Durante ese periodo, su familia se convirtió en su principal apoyo. Mientras ella se recuperaba, sus hijos la ayudaban con el cuidado del hogar y del negocio.
Cuando recibió los resultados posteriores a la cirugía, llegó una noticia que marcó su vida: el cáncer ya no estaba presente en la mama retirada. “Es que la fe que uno tiene en Dios es lo que lo saca adelante”, expresa.
Una historia que sigue horneándose cada día
Actualmente, Doña Yoli continúa detrás del mostrador de su abarrote, atendiendo a sus clientes como lo ha hecho durante 22 años.

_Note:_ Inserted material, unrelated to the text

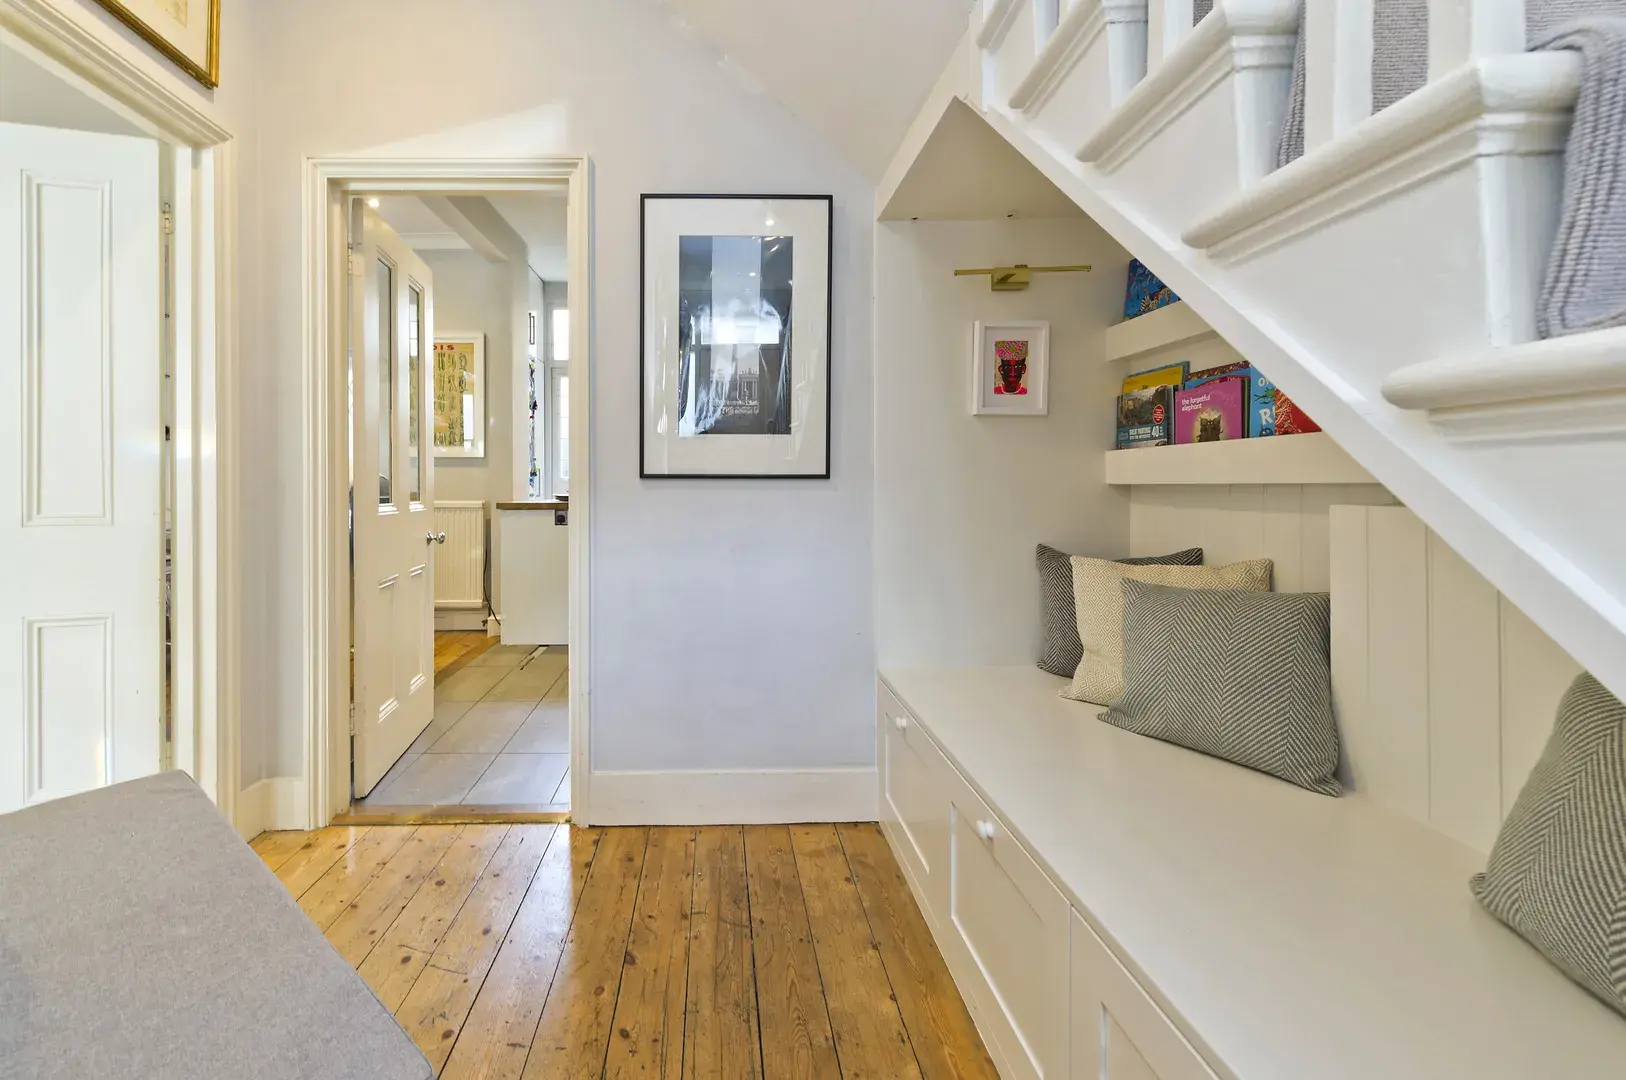 Tunis Road, holiday home in Hampstead, London

Algunos llegan por productos básicos, otros por sus famosos coricos o empanadas, y muchos más porque saben que detrás de cada alimento hay una historia de esfuerzo.
Incluso personas de otras zonas han llegado a conocer su trabajo. Madres de familia del colegio donde estudia su nieto le hacen pedidos desde sectores como Bacurimí y Valle Alto, y ella busca la manera de hacerles llegar sus productos.
Para Yolanda, el secreto ha sido sencillo: trabajar, mantenerse activa y no rendirse.
En Abarrote Yoli no solo se venden productos; también se comparte una enseñanza: que incluso después de los momentos más difíciles siempre existe la posibilidad de volver a empezar.